Thu May 19 12:43:55 EDT 2016

Le Thu, 19 May 2016 10:53:31 -0500,
Ken Gaillot <kgaillot at redhat.com> a écrit :

> A recent thread discussed a proposed new feature, a new environment
> variable that would be passed to resource agents, indicating whether a
> stop action was part of a recovery.
> 
> Since that thread was long and covered a lot of topics, I'm starting a
> new one to focus on the core issue remaining:
> 
> The original idea was to pass the number of restarts remaining before
> the resource will no longer tried to be started on the same node. This
> involves calculating (fail-count - migration-threshold), and that
> implies certain limitations: (1) it will only be set when the cluster
> checks migration-threshold; (2) it will only be set for the failed
> resource itself, not for other resources that may be recovered due to
> dependencies on it.
> 
> Ulrich Windl proposed an alternative: setting a boolean value instead. I
> forgot to cc the list on my reply, so I'll summarize now: We would set a
> new variable like OCF_RESKEY_CRM_recovery=true whenever a start is
> scheduled after a stop on the same node in the same transition. This
> would avoid the corner cases of the previous approach; instead of being
> tied to migration-threshold, it would be set whenever a recovery was
> being attempted, for any reason. And with this approach, it should be
> easier to set the variable for all actions on the resource
> (demote/stop/start/promote), rather than just the stop.

I can see the value of having such variable during various actions. However, we
can also deduce the transition is a recovering during the notify actions with
the notify variables (the only information we lack is the order of the
actions). A most flexible approach would be to make sure the notify variables
are always available during the whole transaction for **all** actions, not just
notify. It seems like it's already the case, but a recent discussion emphase
this is just a side effect of the current implementation. I understand this as 
they were sometime available outside of notification "by accident".
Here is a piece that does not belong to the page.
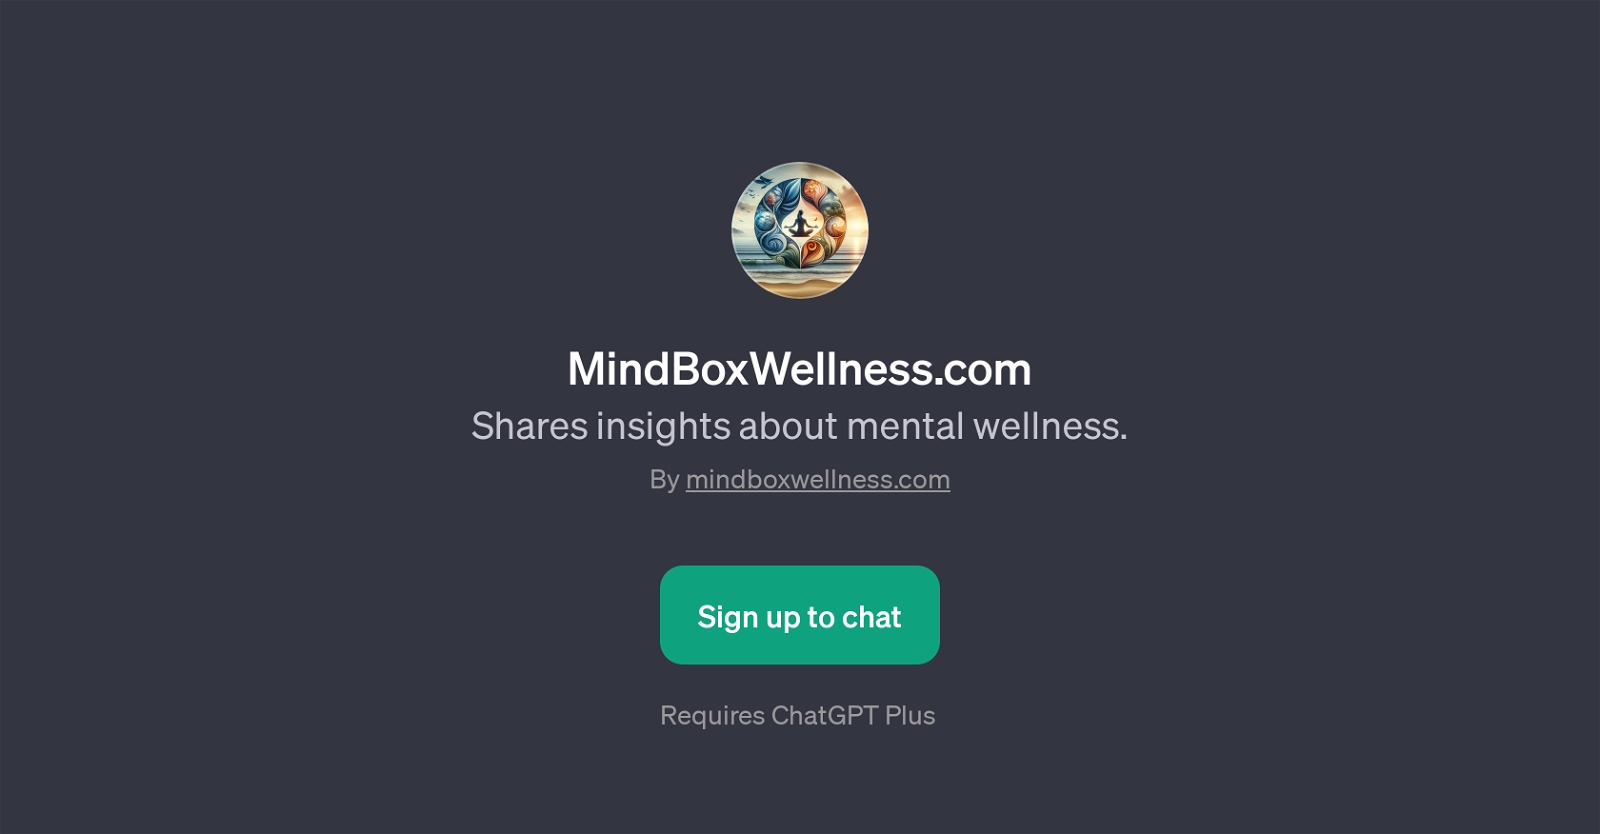 MindBoxWellness.com website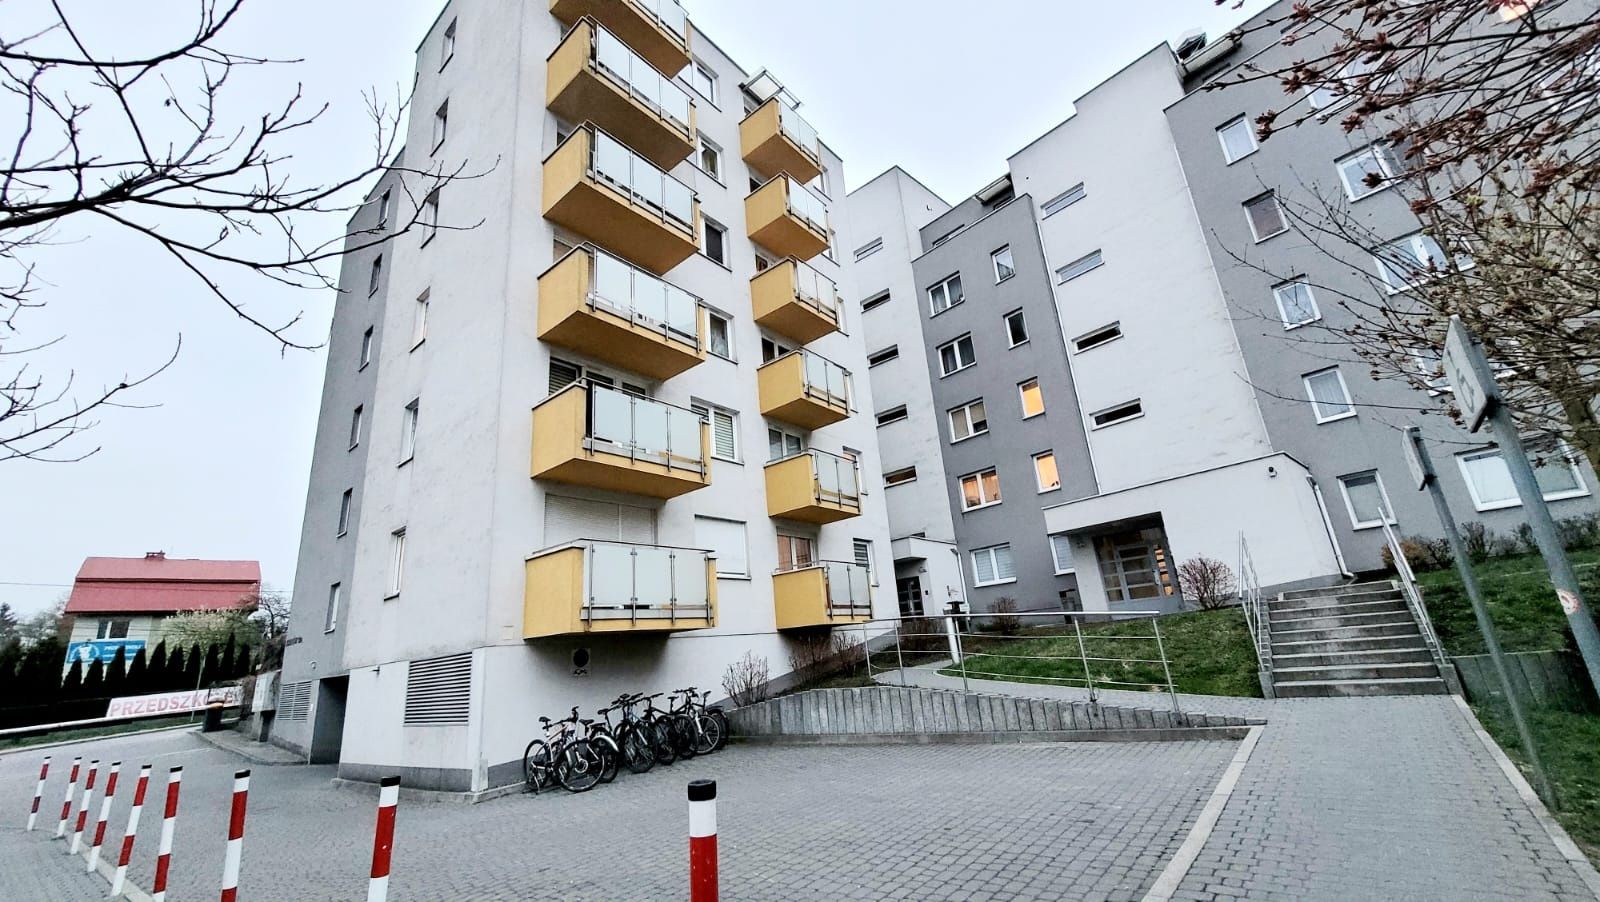 Apartament LOFT, 4 os, balkon, parking GRATIS, 2 pok, Borek Fałęcki

Also, I can see the benefit of having the remaining attempt for the current
action before hitting the migration-threshold. I might misunderstand something
here, but it seems to me both informations are different. 

Basically, what we need is a better understanding of the transition itself
from the RA actions.

If you are still brainstorming on this, as a RA dev, what I would
suggest is:

  * provide and enforce the notify variables in all actions
  * add the actions order during the current transition to these variables using
    eg. OCF_RESKEY_CRM_meta_notify_*_actionid
  * add a new variable with remaining action attempt before migration. This one
    has the advantage to survive the transition breakage when a failure occurs.

On a second step, we would be able to provide some helper function in the
ocf_shellfuncs (and in my perl module equivalent) to compute if the transition
is a switchover, a failover, a recovery, etc, based on the notify variables.

Presently, I am detecting such scenarios directly in my RA during the notify
actions and tracking them as private attributes to be aware of the situation 
during the real actions (demote and stop). See:

https://github.com/dalibo/PAF/blob/952cb3cf2f03aad18fbeafe3a91f997a56c3b606/script/pgsqlms#L95

Regards,